Although the FDA has sent letters to some companies seeking more information about concerns that the drugs might promote antibiotic-resistance, the documents obtained by NRDC did not show that the agency took further action or that the companies submitted additional safety studies, the report states.

The vast majority of antibiotics sold each year in the United States - by some estimates as much as 80 percent - are used in agriculture rather than in human medicine. Consumer and environmental groups have pressed lawmakers and regulators to do more to limit the amount of antibiotics given to animals, particularly those classes of drugs also used to treat humans.

In the fall, the Centers for Disease Control and Prevention issued an alarming report detailing the growing threat of antibiotic-resistant infections. Although most infections arise in hospitals and nursing homes, officials underscored the massive use of antibiotics in animals as a looming concern.

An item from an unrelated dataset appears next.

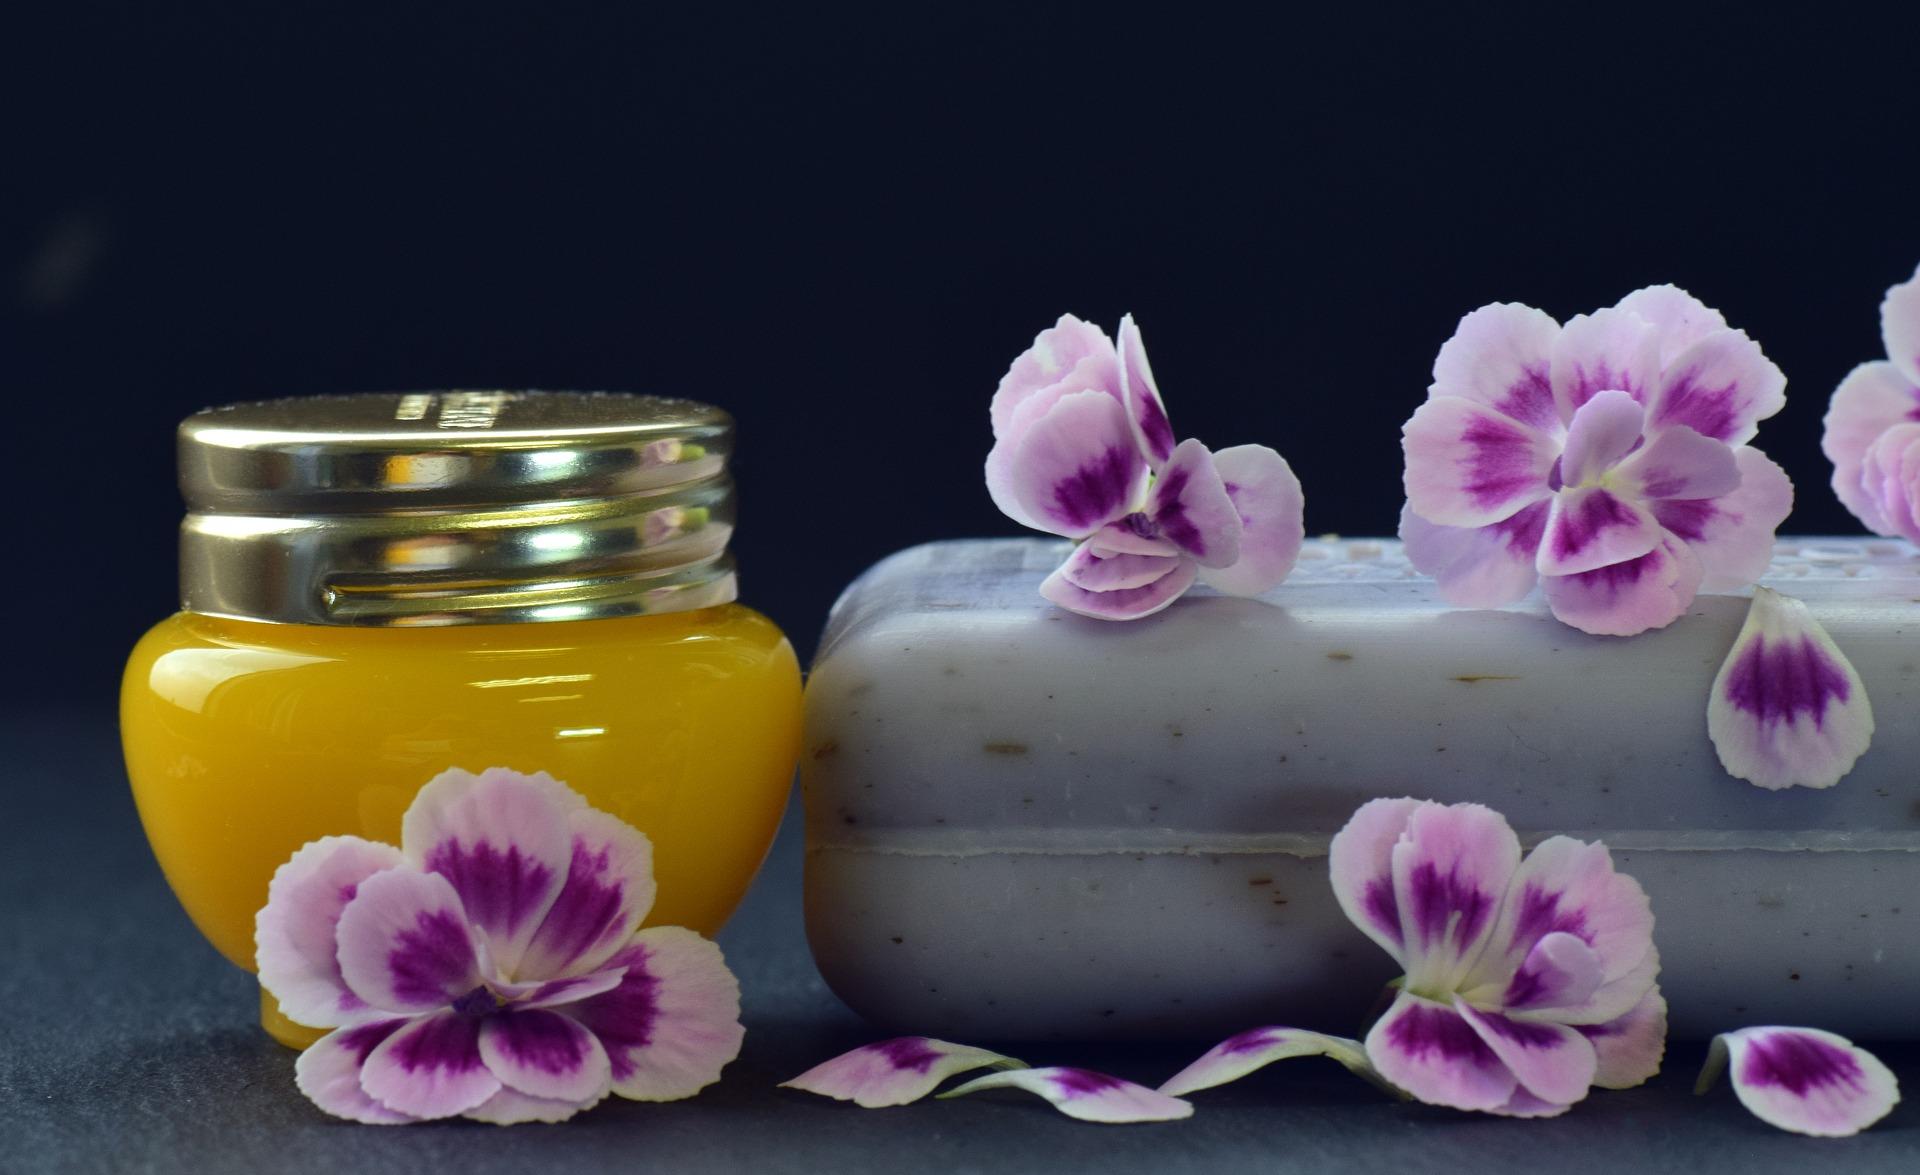 Wallpaper Aromatherapy Background Flower Perfume Treatment 1920x1175 Nextsummer 1678349 Hd Wallpapers Wallhere
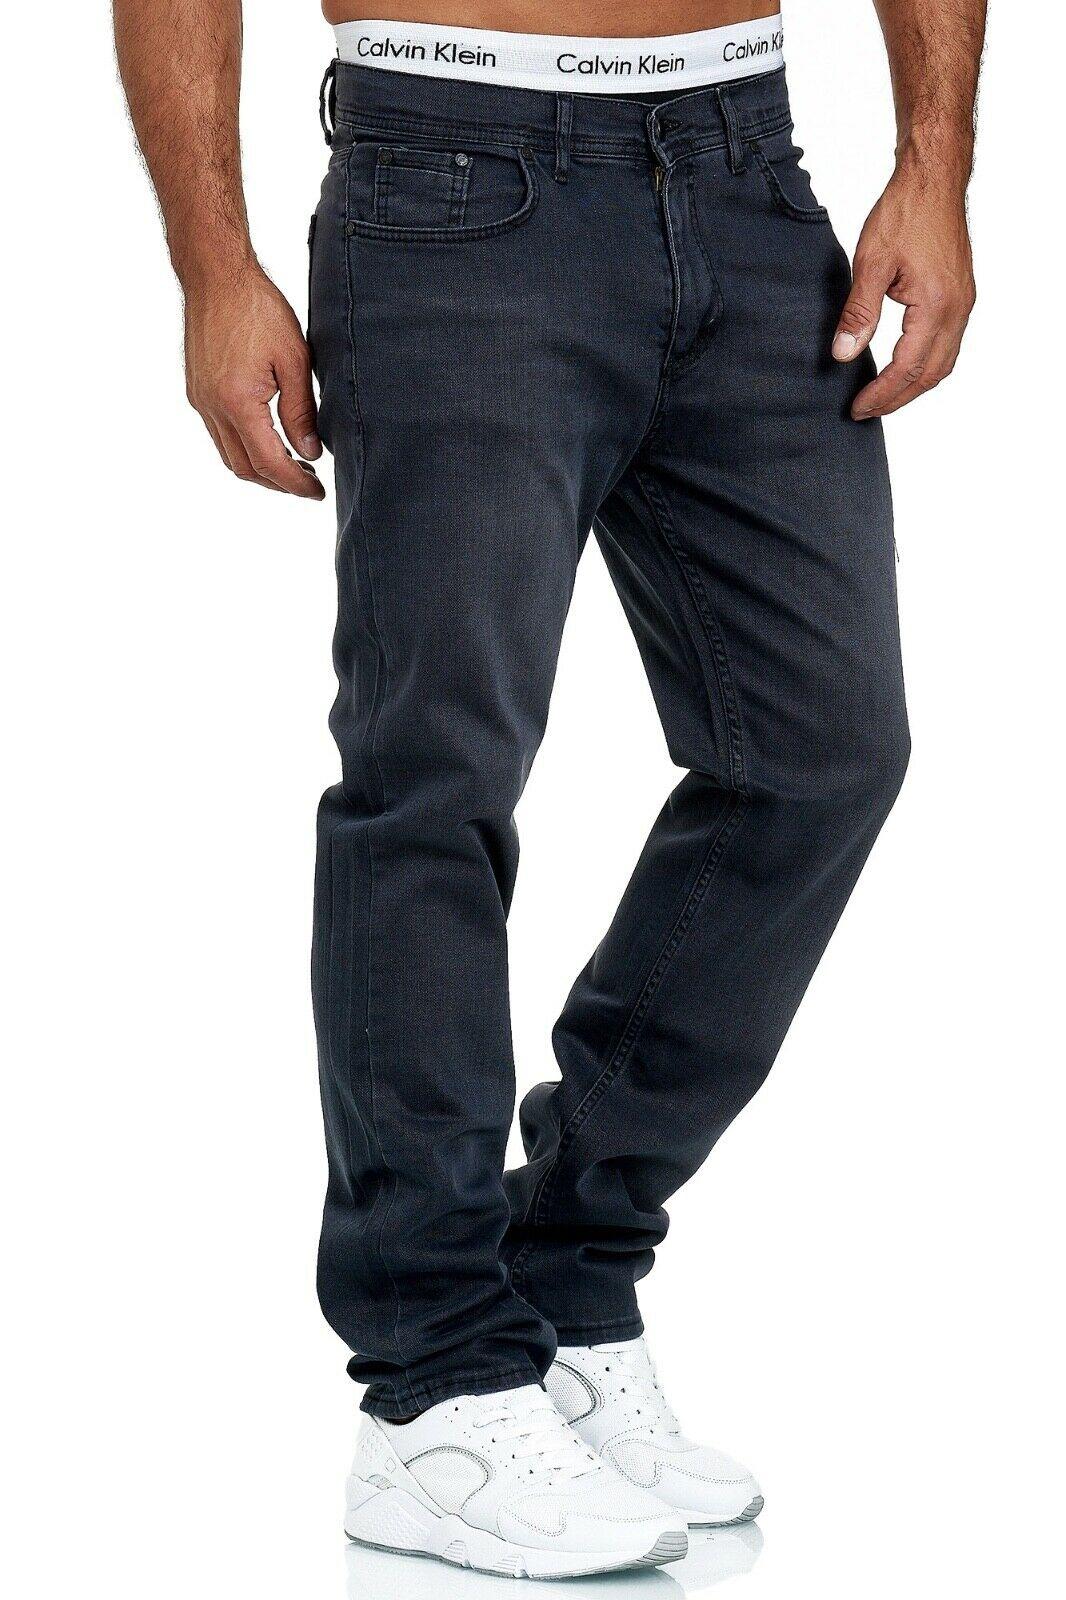 Herren-Jeans-Hose-Denim-KC-Black-Washed-Straight-Cut-Regular-Dicke-Naht-naehte Indexbild 83

“Resistant bacteria can contaminate the foods that come from those animals, and people who consume these foods can develop antibiotic-resistant infections,” the CDC’s report stated. “The use of antibiotics for promoting growth is not necessary, and the practice should be phased out.”

The FDA seems to agree. In 1977, the agency said it planned to withdraw approval for some animal antibiotics, especially those used for nonmedical reasons. But for decades, the agency took no action, even as the NRDC sued in recent years trying to force it to follow through.

In December, the FDA took long-awaited steps aimed at scaling back the use of antibiotics in livestock. The agency asked animal drug manufacturers to alter their labels so that farmers would no longer be allowed to use antibiotics merely to promote growth. It also wants farmers to get approval from a veterinarian before administering the drugs to livestock.

The move drew mixed reaction.

Representatives of the agricultural industry largely welcomed the changes, saying it would lead to meaningful changes for how antibiotics are used on the farm. Consumer advocates and some public health officials were less than impressed, especially because the FDA’s recommendations are voluntary. Kar, the NRDC attorney, called it a “hollow gesture.” Rep. Louise Slaughter, D-N.Y., who repeatedly has sought legislation to rein in the use of antibiotics in animals, said the FDA action fell “woefully short” of what was needed.